AI Plugin Integration
AI Plugin Integration
This document summarizes three AI-powered document processing tools—MarkItDown, Marker, and Docling—highlighting their common AI features and their integration with Aspose.Cells for Python via .NET through plugins.
1. Common AI Features
1.1 Multi-format Document Parsing and Structured Representation
All three projects support parsing multiple document formats, including PDF, DOCX, PPTX, XLSX, HTML, etc., and converting them into structured formats (Markdown, JSON, or HTML) suitable for AI processing.
- MarkItDown: Converts documents into Markdown format, easily integrated with LLMs and text analysis pipelines.
- Marker: Supports Markdown, JSON, and HTML output while preserving tables, formulas, and other content.
- Docling: Provides a unified
DoclingDocument
representation, supporting multi-format document parsing and structured export.
1.2 Integration with Generative AI Frameworks
All three tools support integration with generative AI frameworks to enhance document processing capabilities:
- MarkItDown: Integrates with Azure OpenAI to improve document and image processing.
- Marker: Supports leveraging large language model (LLM) technology to improve the accuracy of document processing.

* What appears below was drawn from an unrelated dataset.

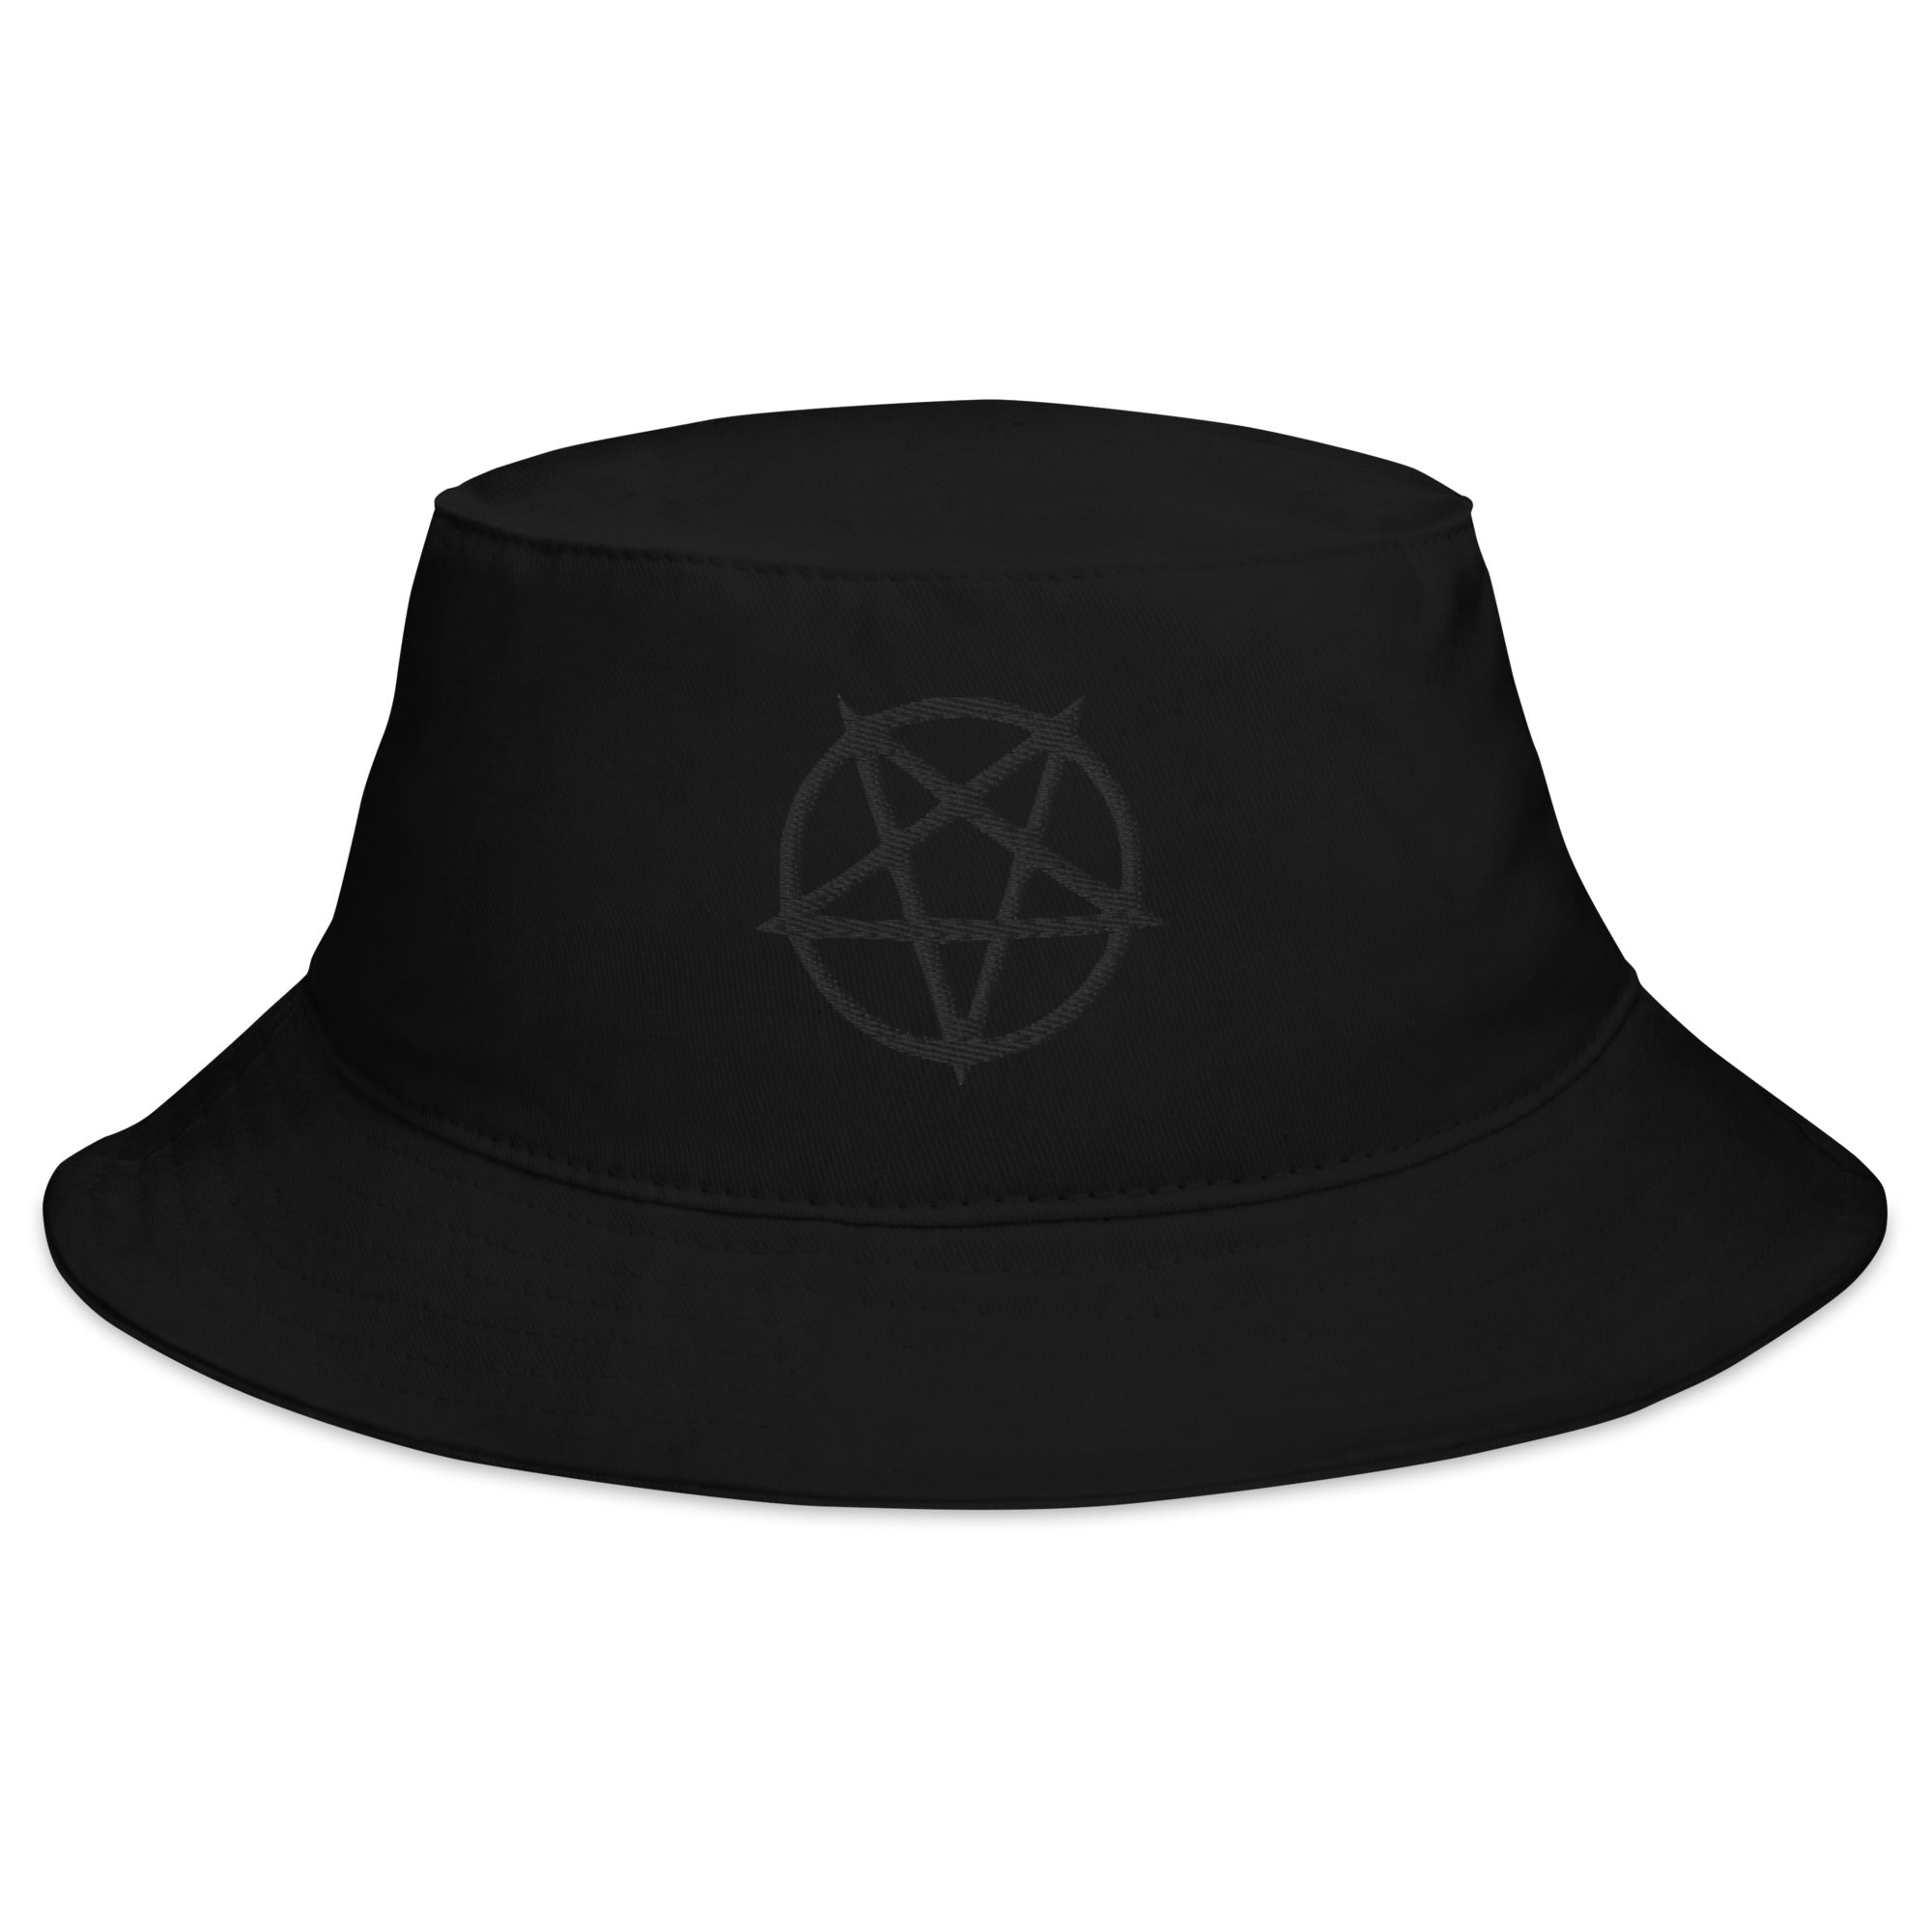 Black Inverted Pentagram Occult Symbol Embroidered Bucket Hat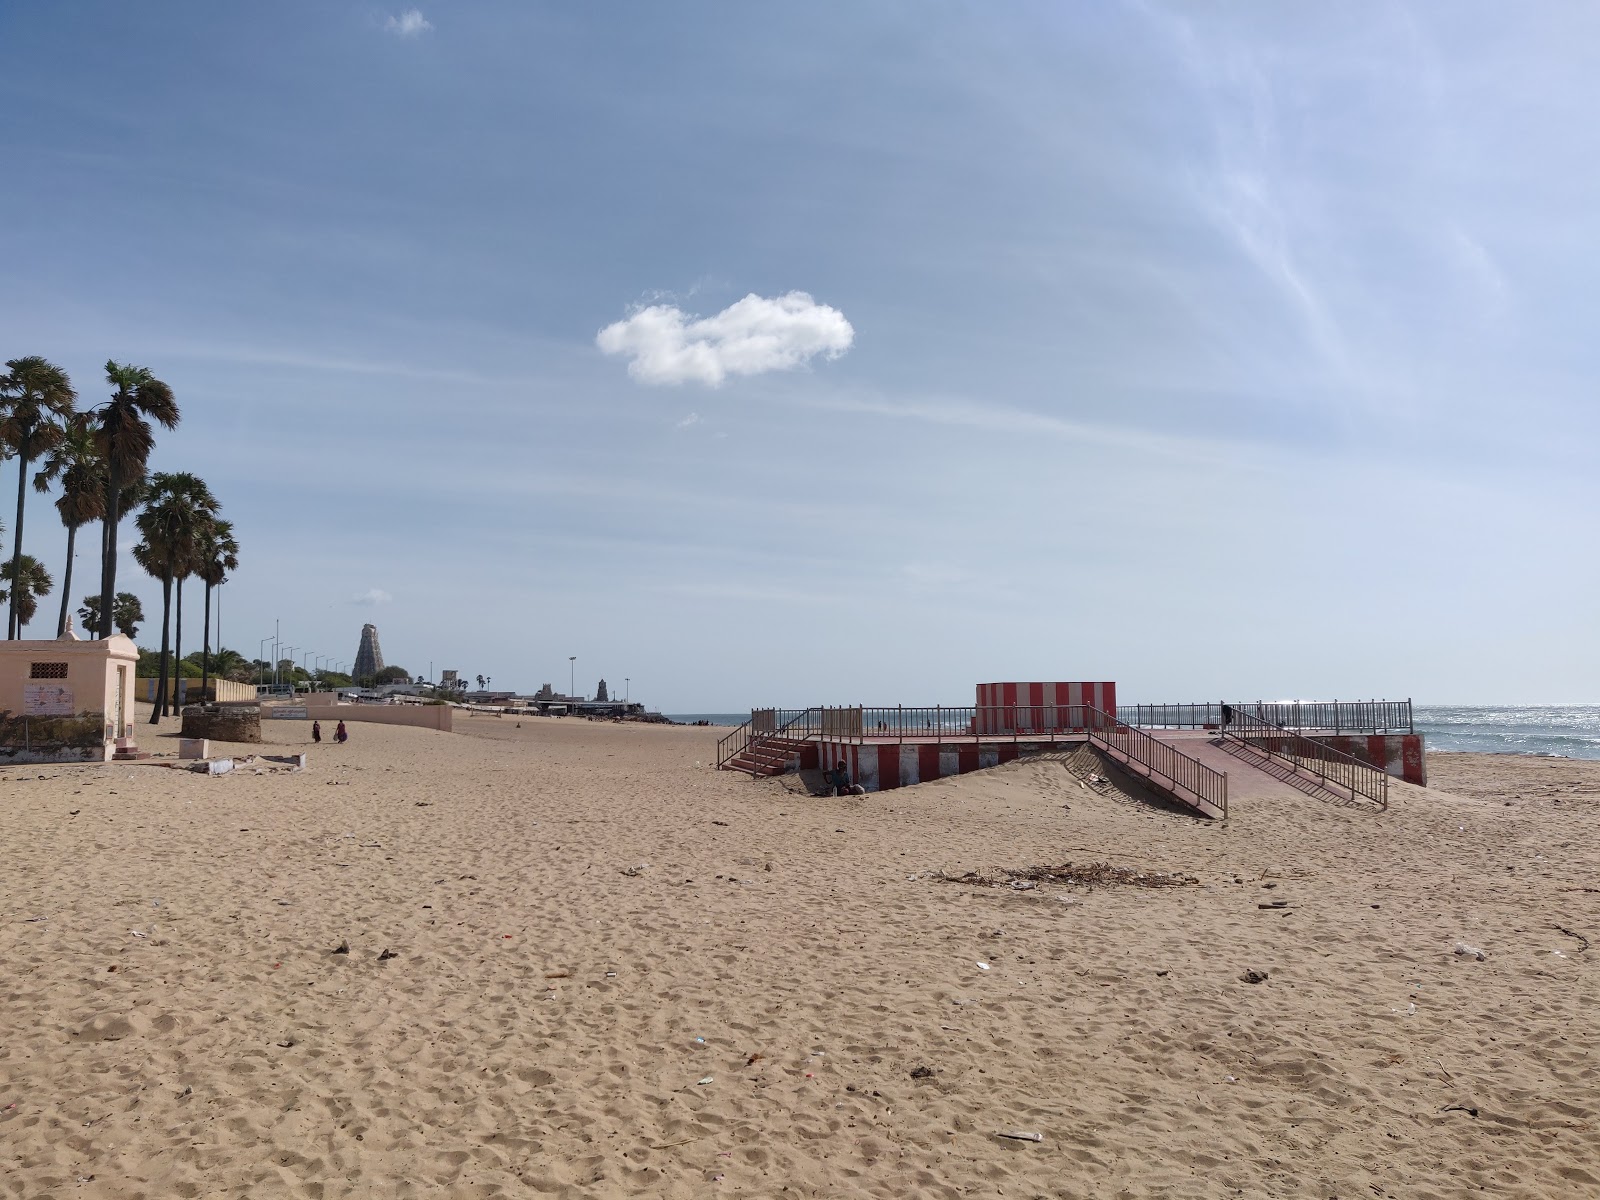 Tiruchendur Beach'in fotoğrafı geniş plaj ile birlikte

- Docling: Compatible with frameworks like LangChain, LlamaIndex, and Haystack for agentic AI applications.
2. Aspose.Cells for Python via .NET Plugin Integration
To combine Excel data with these AI document processing tools, we developed dedicated plugins for each tool:
Plugin | Repository | Functionality |
---|---|---|
MarkItDown Plugin | markitdown-aspose-cells-plugin | Converts Excel files to Markdown format. |
Marker Plugin | marker plugin | Converts Excel files into Marker-supported formats(Markdown, JSON, or HTML), leveraging Marker’s LLM mode for improved table. |
Docling Plugin | docling plugin | Converts Excel files into DoclingDocument objects, then exports Markdown, JSON, or HTML for multi-modal analysis. |
2.1 Plugin Advantages
- Fast Excel Conversion: Quickly converts Excel content into Markdown, JSON, or HTML for AI processing.
- Preserve Table and Format Information: Basically preserve the original table data to ensure data integrity.
- Compatible with AI Tools: Can be directly used as input for MarkItDown, Marker, or Docling, leveraging advanced parsing features.
- Easy Installation: Only requires additional installation Aspose.Cells for Python via .NET(aspsoe-cells-python) and following the README instructions in the plugin directories.
3. Installation and Usage
3.1 MarkItDown Plugin
Install the plugin from the current directory:
pip install -e .
Verify installation:
markitdown --list-plugins
Convert an XLSX file using the plugin:
markitdown --use-plugins test.xlsx
3.2 Marker Plugin
You’ll need python 3.10+ and PyTorch.
pip install marker-pdf
For non-PDF documents, install full dependencies:
pip install marker-pdf[full]
Convert a single file:
marker_single /path/to/test.xlsx
marker_single /path/to/test.xlsx --output_format html
3.3 Docling Plugin
Install Docling:
pip install -e .
Convert Excel files to different formats:
docling /path/test.xlsx --to html
docling /path/test.xlsx --to md
docling /path/test.xlsx --to json
More detailed installation instructions are available in the docs.
3.4 Set Aspose License
Before using Aspose.Cells in any plugin, set the license:
Windows (PowerShell):
$env:ASPOSE_LICENSE_PATH = "C:\path\to\license"
Windows (CMD):
set ASPOSE_LICENSE_PATH=C:\path\to\license
Unix-based systems:
export ASPOSE_LICENSE_PATH="/path/to/license"
4. Summary
AI Features:
The three tools share common advantages in AI document parsing, structured output, multi-modal support, and integration with generative AI frameworks.
Aspose.Cells Plugins:
Enable seamless conversion of Excel data into Markdown, JSON, or HTML, preserving tables, formulas and integrate directly with MarkItDown, Marker, or Docling.
Use Cases:
Ideal for intelligent document processing, knowledge base construction, RAG systems, report parsing, academic document conversion, and other AI-driven workflows.